The Curse of the Bronze Lamp (also published as Lord of the Sorcerers)
- First edition (US)
- Author: John Dickson Carr writing as "Carter Dickson"
- Language: English
- Series: Henry Merrivale
- Genre: Mystery, detective
- Publisher: Morrow (US 1945) Heinemann (UK, 1946)
- Publication date: 1945
- Publication place: United Kingdom
- Media type: Print (hardback & paperback)
- Pages: 214 (first US edition)
- Preceded by: He Wouldn't Kill Patience
- Followed by: My Late Wives

= The Curse of the Bronze Lamp =

Mystery novel by John Dickson Carr

The Curse of the Bronze Lamp (also published as Lord of the Sorcerers) is a mystery novel by the American writer John Dickson Carr, who published it under the name of Carter Dickson. It is a locked room mystery or, more properly, a subset of that category known as an "impossible crime", and features the series detective Sir Henry Merrivale. Carr considered this one of his best impossible crime novels.

==Plot summary==

Lady Helen Loring does not believe in the ancient Egyptian curse associated with an ancient artifact, a bronze lamp that is a gift from the Egyptian government. It comes from a tomb that Helen and her father, Lord Severn, helped excavate.

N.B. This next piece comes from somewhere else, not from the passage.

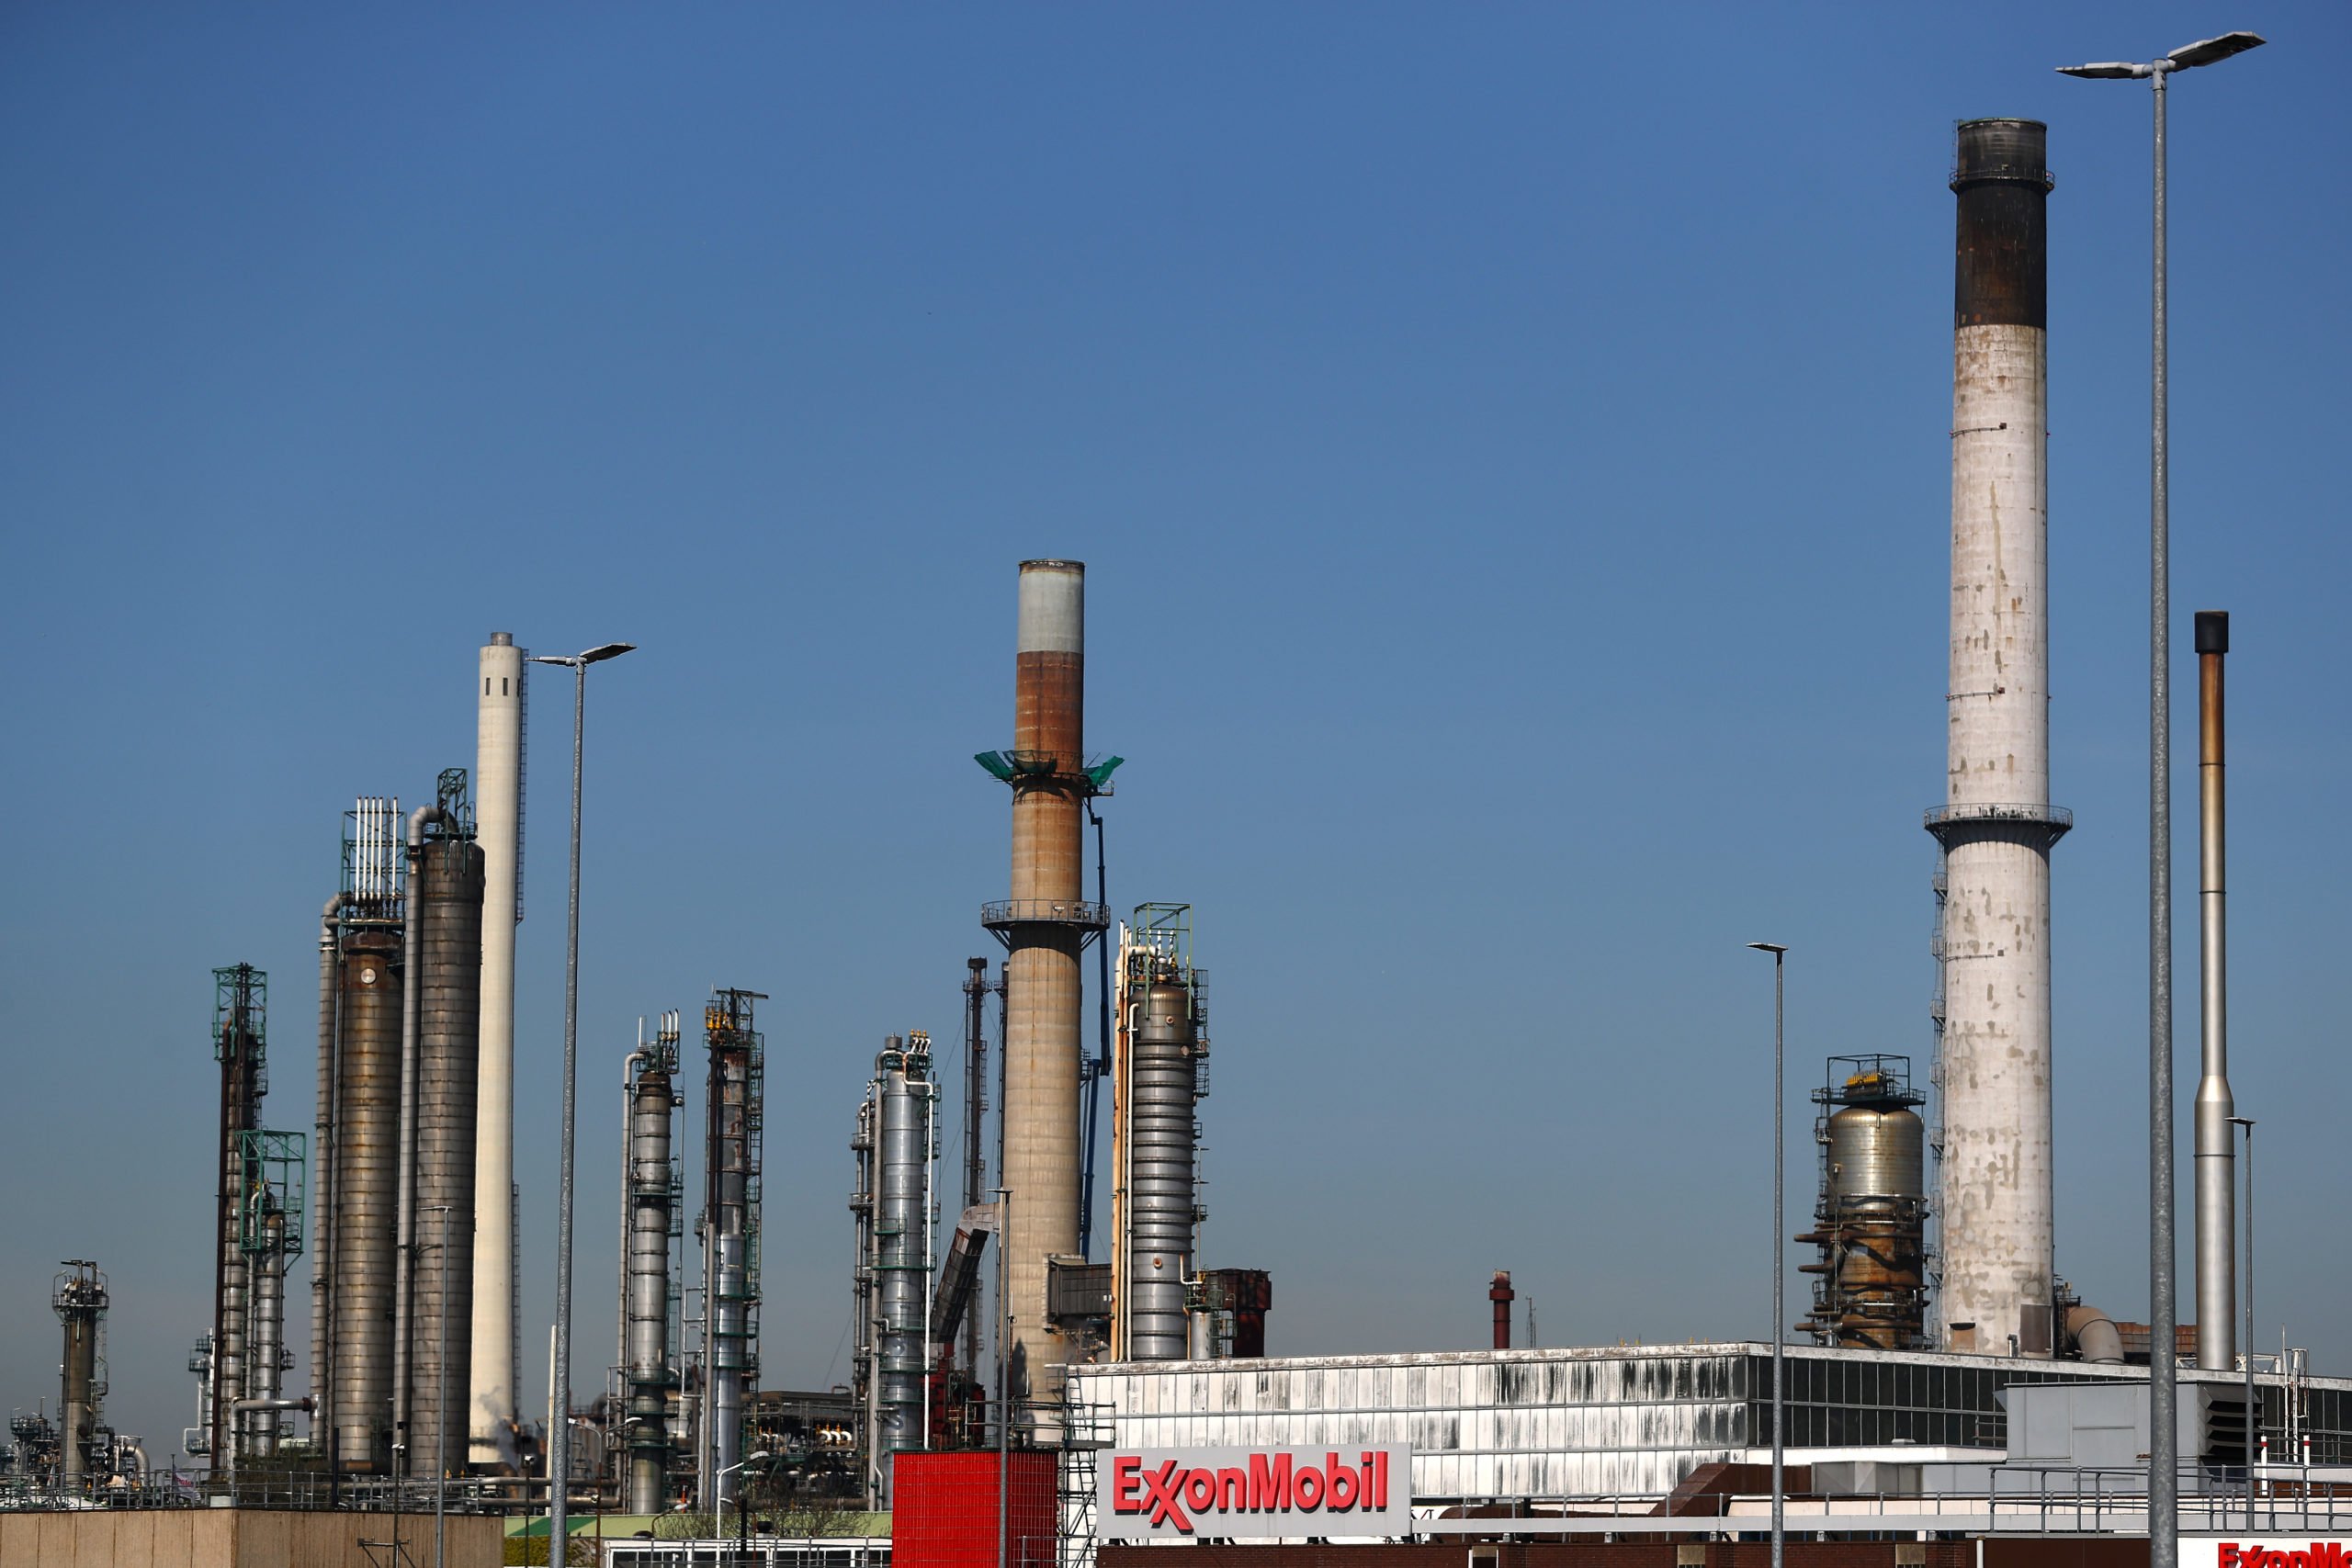 A general view of an Exxon Mobil refinery on April 23, 2020 in Rotterdam, Netherlands. (Dean Mouhtaropoulos/Getty Images)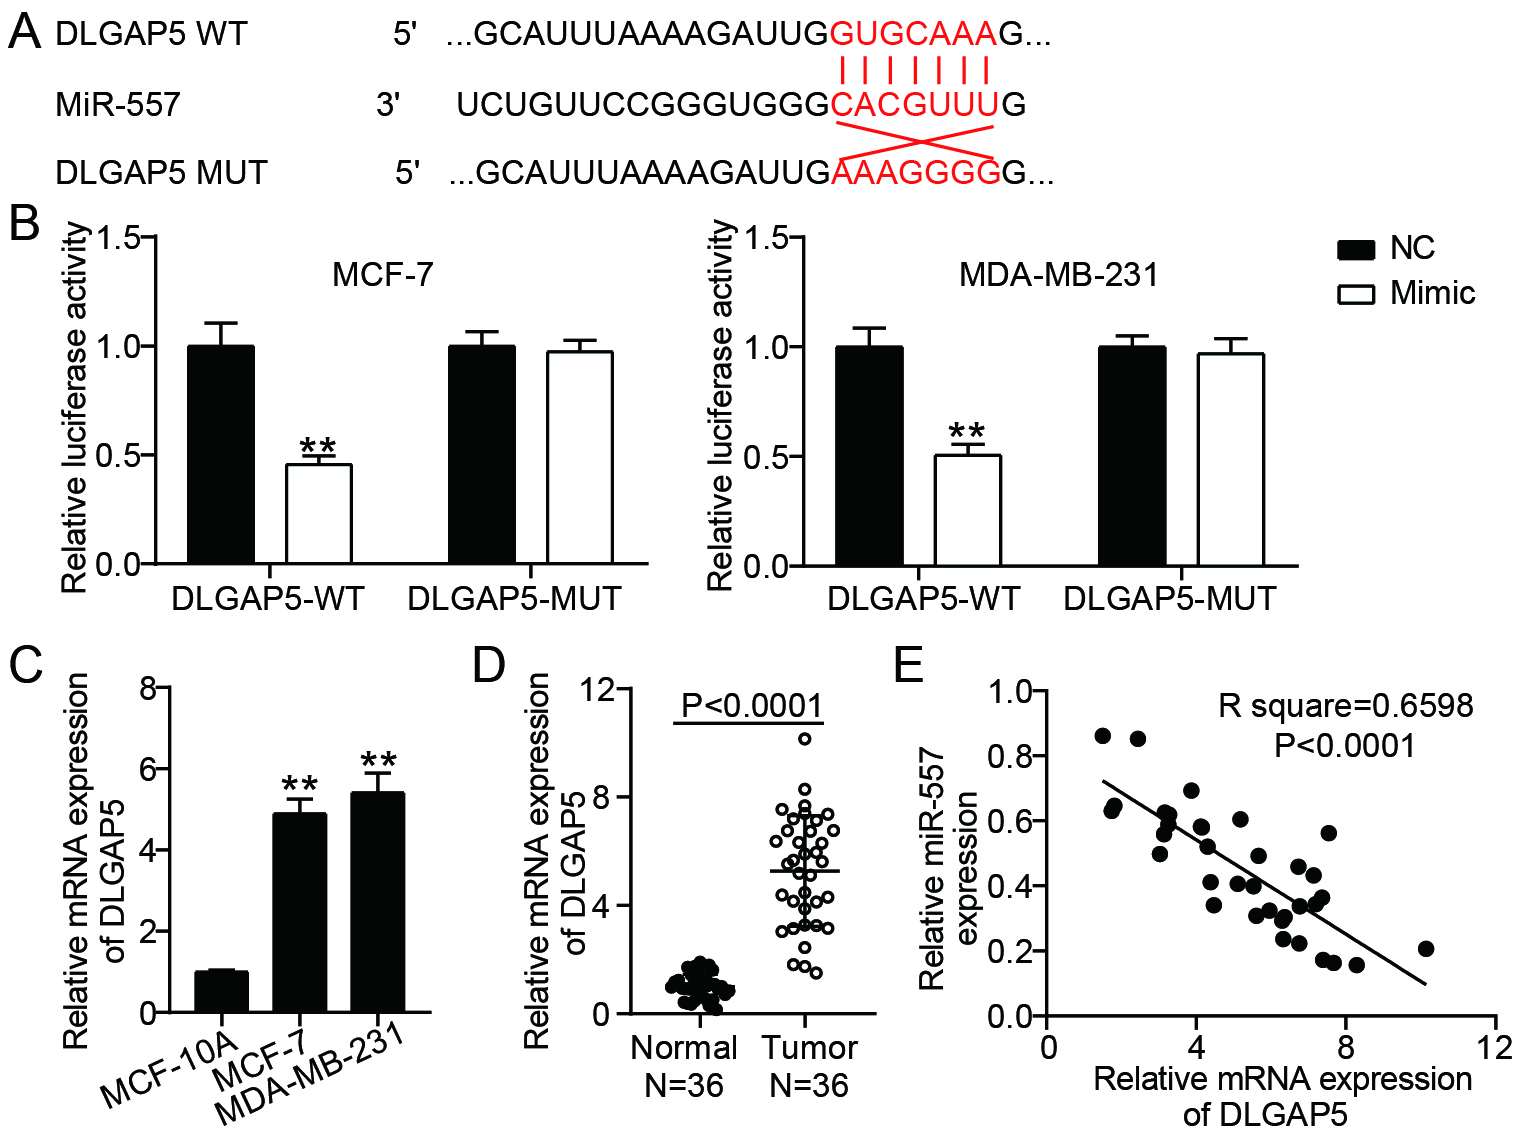 DLGAP5 was a target of miR-557 (A) TargetScan made predictions about the miR-557 and DLGAP5 binding locations. (B) The relationship among miR-557 and DLGAP5 was confirmed by dual-luciferase reporter assay in MDA-MB-231 as well as MCF-7 cells. **P< 0.001 vs. NC. (C) RT-qPCR analysis of DLGAP5 expressions in normal breast cell lines (MCF-10A) and BC cell lines (MCF-7 and MDA-MB-231). **P< 0.001 vs. MCF-10A. (D) DLGAP5 expression in BC and normal tissues was analyzed using RT-qPCR. (E) The association between miR-557 and DLGAP5 in BC tissues was examined using RT-qPCR (Pearson linear regression analysis).

In defiance of the dire predictions of an Egyptian soothsayer, she brings the lamp back to Severn Hall, her ancestral home in England. At the door, Helen stepped out of the car, leaving her friends to follow her into the Hall.

Less than three minutes later, they did—and Helen had vanished. On the floor, in the middle of the vast entrance hall, were her coat and the bronze lamp.

Luckily, Sir Henry Merrivale is nearby and unafraid of any and all spirits and soothsayers; after a murder shocks the inhabitants of Severn Hall, he solves both the disappearance and the murder.